SECTION 2. DUTIES OF THE SUB-ADVISER.
(a) The Sub-Adviser shall make decisions with respect to all purchases and
sales of securities and other investment assets for the Fund. To carry out such
decisions, the Sub-Adviser is hereby authorized, as agent and attorney-in-fact
for the Trust, for the account of, at the risk of and in the name of the Trust,
to place orders and issue instructions with respect to those transactions of the
Fund. In all purchases, sales and other transactions in securities and other
assets for the Fund, the Sub-Adviser is authorized to exercise full discretion
and act for the Trust and instruct the Fund's custodian (the "Custodian") in the
same manner and with the same force and effect as the Trust might or could do
with respect to such purchases, sales or other transactions, as well as with
respect to all other things necessary or incidental to the furtherance or
conduct of such purchases, sales or other transactions.

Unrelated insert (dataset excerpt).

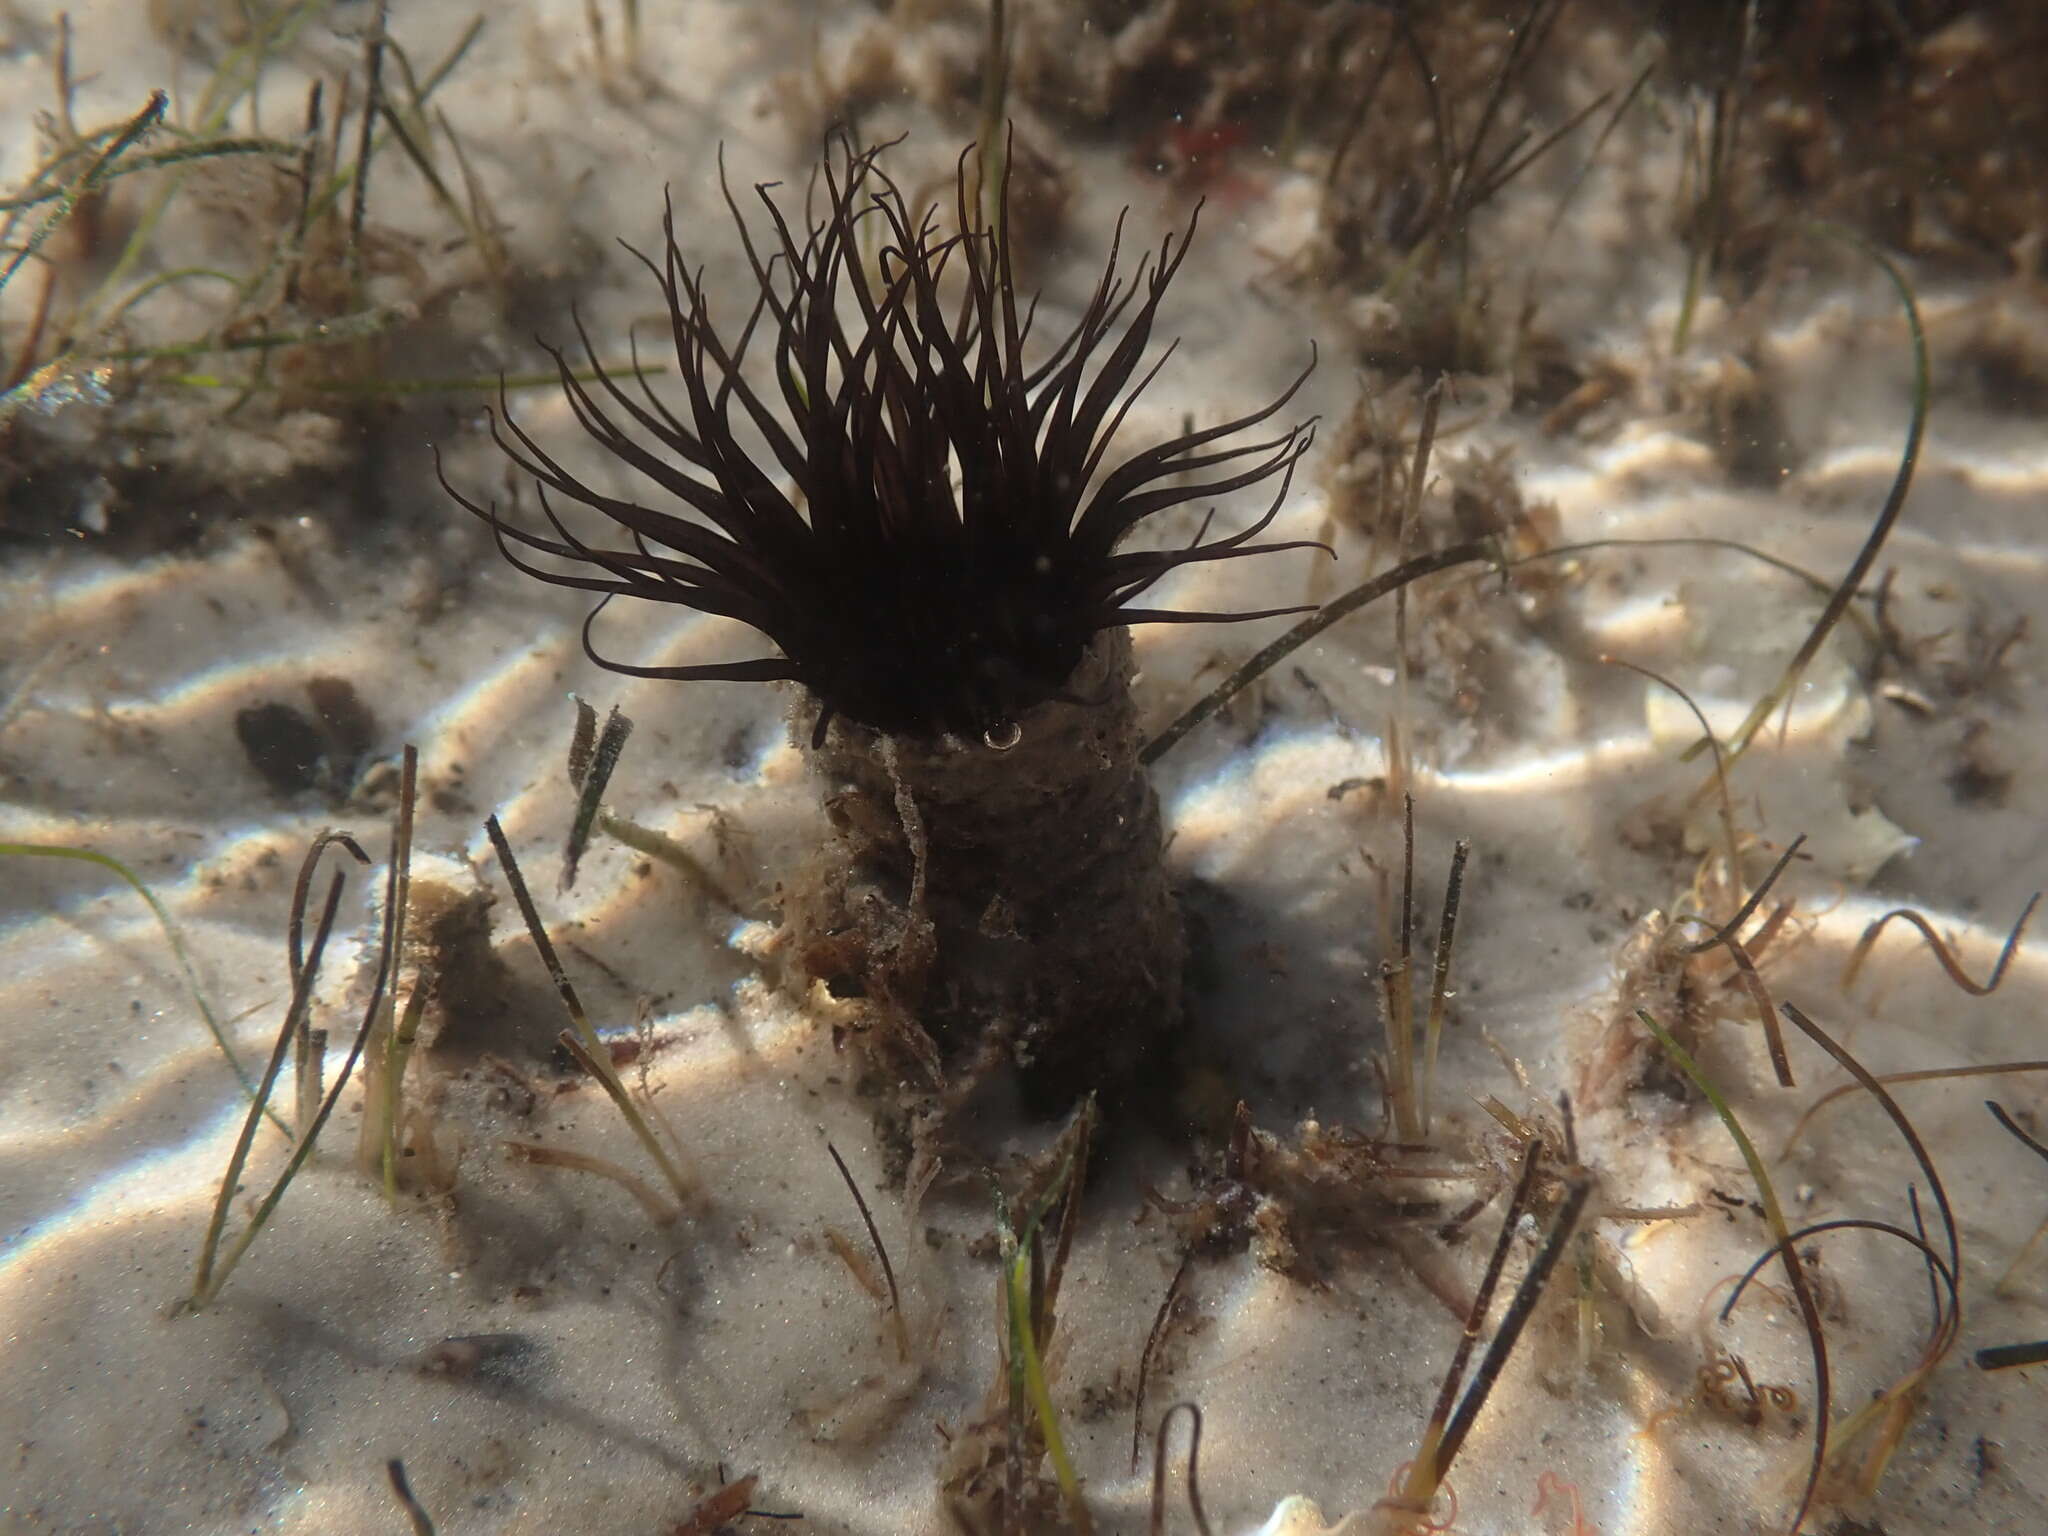 Image of American tube-dwelling anemone

The Sub-Adviser acknowledges that the Fund and other mutual funds advised
by the Adviser (collectively, the "fund complex") may engage in transactions
with certain sub-advisers in the fund complex (and their affiliated persons) in
reliance on exemptions under Rule 10f-3, Rule 12d3-1, Rule 17a-10 and Rule 17e-1
under the 1940 Act. Accordingly, the Sub-Adviser hereby agrees that it will not
consult with any other sub-adviser of a fund in the fund complex, or an
affiliated person of a sub-adviser, concerning transactions for a fund in
securities or other fund assets. With respect to a multi-managed Fund, the
Sub-Adviser shall be limited to managing only the discrete portion of the Fund's
portfolio as may be determined from time-to-time by the Board or the Adviser,
and shall not consult with the sub-adviser as to any other portion of the Fund's
portfolio concerning transactions for the Fund in securities or other Fund
assets.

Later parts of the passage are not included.